Part 1: Setup and Initialization

This section focuses on setting up the web scraping environment and initializing the project. It involves:

~Importing the necessary libraries required for data extraction and analysis.

~Creating the project structure within a Jupyter Notebook (.ipynb) for better organization and reproducibility.

~Sending a test HTTP request to the Cars24 website to verify connectivity and ensure that the website can be accessed successfully.

This initial step is crucial as it ensures that the team members can proceed seamlessly and establish a strong foundation helping maintain efficiency, consistency, and smooth integration throughout the entire project workflow.

In [None]:
# Step 0: Dependency Installation (Optional - for new environments)
# Uncomment and run the following lines if you need to install dependencies in a new kernel
# !pip install requests beautifulsoup4 pandas
# 
# Note: For production environments, create a requirements.txt file with:
# requests>=2.25.0
# beautifulsoup4>=4.9.0
# pandas>=1.3.0
#
# Then install with: pip install -r requirements.txt

print("Dependency installation cell ready (commented for safety)")

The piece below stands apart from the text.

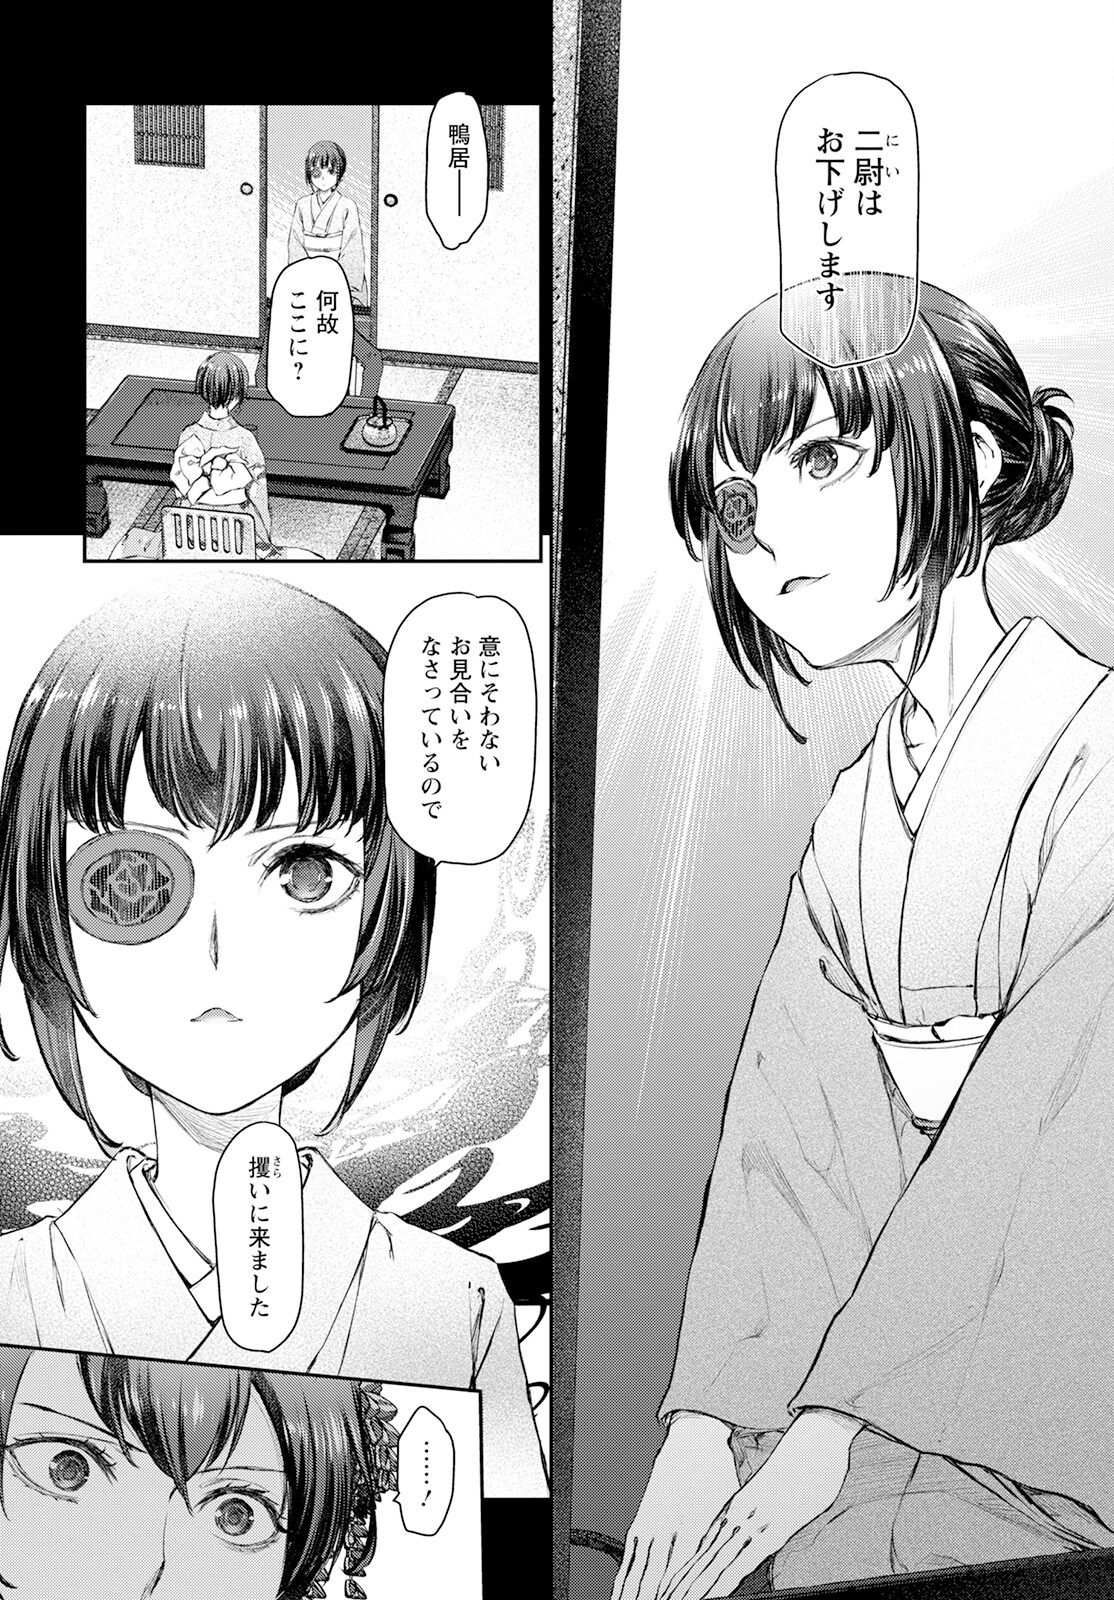 Uchi no Maid ga Uzasugiru! - Chapter 56 - Page 8

Dependency installation cell ready (commented for safety)


In [16]:
# Step 1: Importing Required Libraries and Checking Versions

import requests                      # For sending HTTP requests
from bs4 import BeautifulSoup         # For parsing HTML content
import pandas as pd                   # For data manipulation and analysis
import os                             # For creating project structure
import sys                            # For system information
import urllib.robotparser             # For robots.txt checking

# Print package versions for reproducibility
print("=== Package Versions ===")
print(f"requests: {requests.__version__}")
try:
    import bs4
    print(f"beautifulsoup4: {bs4.__version__}")
except AttributeError:
    print("beautifulsoup4: Version not available")
print(f"pandas: {pd.__version__}")
print(f"Python: {sys.version}")
print("\nLibraries imported successfully!")

=== Package Versions ===
requests: 2.32.5
beautifulsoup4: 4.14.2
pandas: 2.3.3
Python: 3.13.5 (tags/v3.13.5:6cb20a2, Jun 11 2025, 16:15:46) [MSC v.1943 64 bit (AMD64)]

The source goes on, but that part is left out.